ACQUISITION PROGRAM: PMA 276

OBJECTIVE: Develop methods within the realm of peridynamic theory to improve damage prediction and growth in thick composite parts for improving design and life predictions in rotary wing applications.

DESCRIPTION: Fiber-reinforced polymer (FRP) laminated composites exhibit directional stiffness and strength properties, and offer different fabrication architecture; thus, enabling advanced design concepts, structural tailoring, multi-functional features, and performance enhancements. Therefore, composites are an important part of vehicle structures and continue to replace traditional metal parts with increasing frequency. Considering their high specific strength and stiffness (relative to metals) they are attractive for aerospace applications. However, composites are inherently anisotropic and non-homogenous, and the strength and stiffness properties of the constituents (fiber and matrix) are extremely different. Strength of FRP composite laminates depends on fiber directions, type of fibers and resins, number of layers, stacking sequence, type of loading, environmental conditions, and random variation of material and strength properties due to manufacturing. The nature of damage initiation and its progression creates more complicated internal loading than would be experienced in traditional, metal parts. Their failure involves a progressive series of events with discrete failure modes such as matrix cracking, fiber-matrix shear, fiber breakage, and delamination. The presence of such failure modes results in stiffness degradation; thus, leading to load redistribution among the layers and constituents. Accurate computation of load redistribution and prediction of failure modes are critical to realistic simulation of composite laminate strength predictions.

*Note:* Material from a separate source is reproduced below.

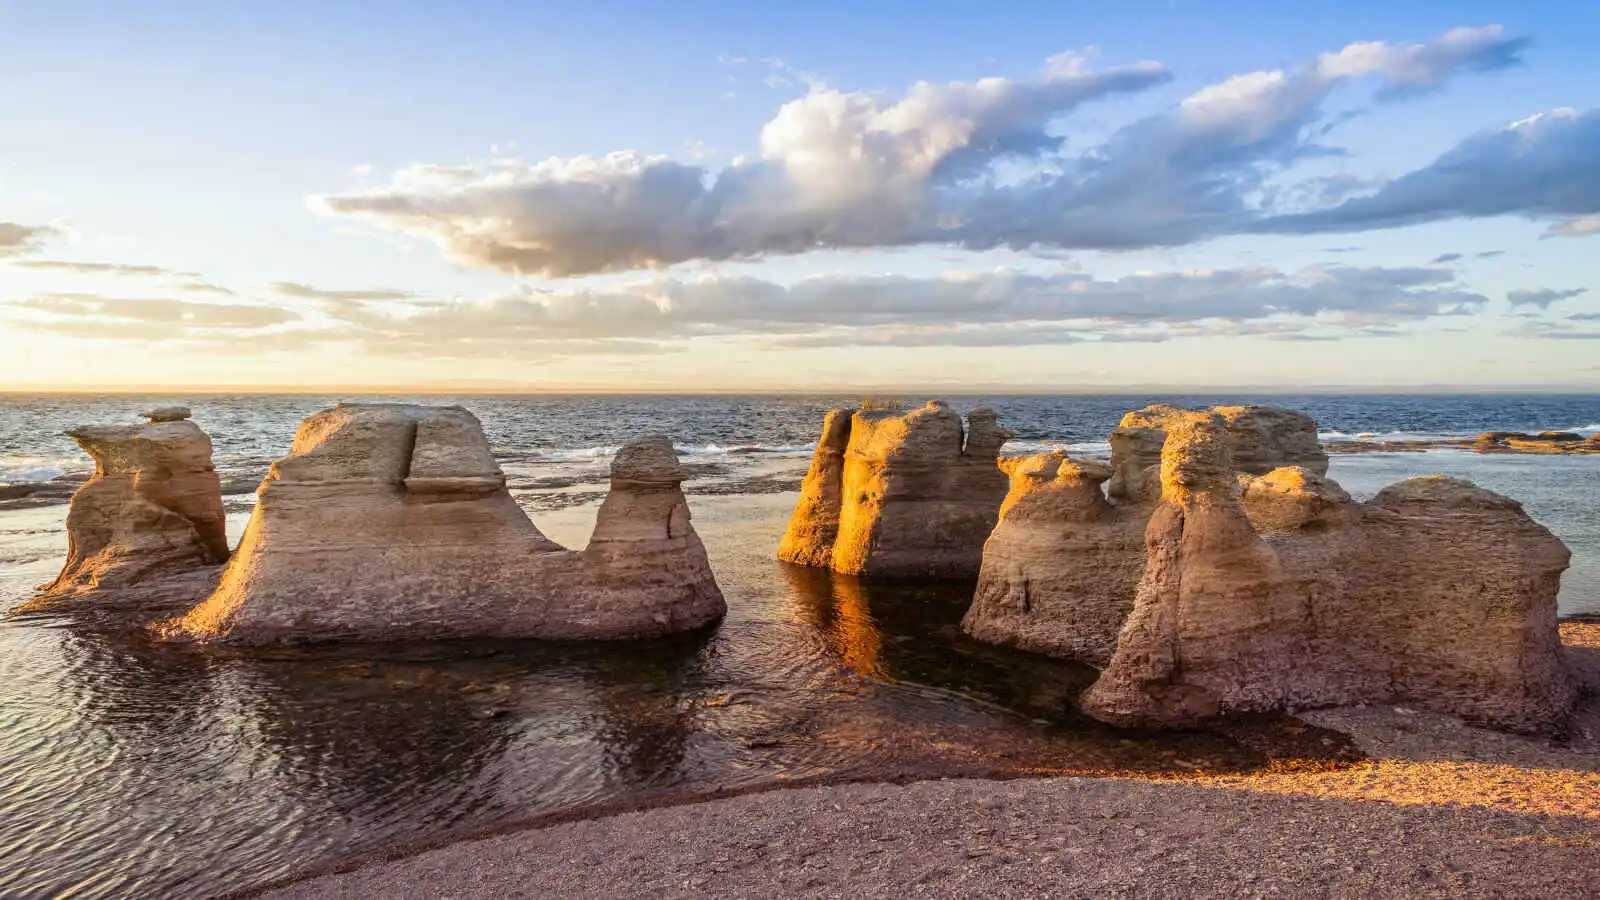 Monolithes de l'île Nue de Mingan, près de Havre-Saint-Pierre, Québec, Canada

In primary load path structures made from composite, damage must be closely monitored to ensure the safety and integrity of the vehicle. Advanced analysis tools are being developed to better model and predict the damage initiation and propagation experienced in laminated composites. As the Navy continues to incorporate more composite structure, accurate damage prediction using analytical methods continues to be an area where improvement is needed. Traditional finite element analysis (FEA) is inherently limited for predicting failure modes especially in fiber-reinforced composites without resorting to external criteria to guide the failure progression.

An alternative to traditional FEA is the peridynamic theory; it is a nonlocal extension of classical continuum mechanics that is based on integral-differential equations involving time and spatial coordinates. The peridynamic equation of motion contrasts with that of classical theory continuum mechanics, which is based on partial differential equations. Peridynamic theory has the capability to handle multi-scale modeling for both length and time, and address discontinuities and non-linearity. The peridynamic theory has the potential to serve as a basic model across all scales avoiding the difficulties inherent to multi-model coupling in addition to the ability to efficiently link with many microscale models including molecular dynamics.

Flexible analysis tools that better assess the effects of damage (impact, environment, fatigue) would be valuable to help predict life and improve design in rotary wing applications. The primary area of interest is rotor components that have been subjected to dynamic loading.

PHASE I: Develop an analytical method within the realm of peridynamic theory for predicting damage initiation and propagation in thick composite parts. Demonstrate the feasibility of the technology by performing analysis on a simulated thick laminate rotor component, subjected to high cycle loading.

PHASE II: Develop the methodology into a prototype analysis tool. Initiate validation through component testing.

PHASE III: Complete verification and validation. Transition the developed technology to appropriate platforms or end users.

PRIVATE SECTOR COMMERCIAL POTENTIAL/DUAL-USE APPLICATIONS: As composites make up a more significant portion of vehicular structure, the need for analysis and prediction tools will also increase. Commercial customers will demand more reliable and robust methods for ensuring the safety of their products. Better analytical understanding of damage initiation and propagation could also spur the development of new manufacturing methods to better suit the needs of users and their structural applications. The ability to model and simulate composite materials for strength prediction can reduce the time and cost for material testing and characterization; thus, provide the opportunity to use advanced material systems on critical military and commercial equipment in a timely manner.

REFERENCES:
1. Reddy, J.N. (2004). Mechanics of Laminated Composite Plates and Shells: Theory and Analysis. 2nd ed. Boca Raton: CRC.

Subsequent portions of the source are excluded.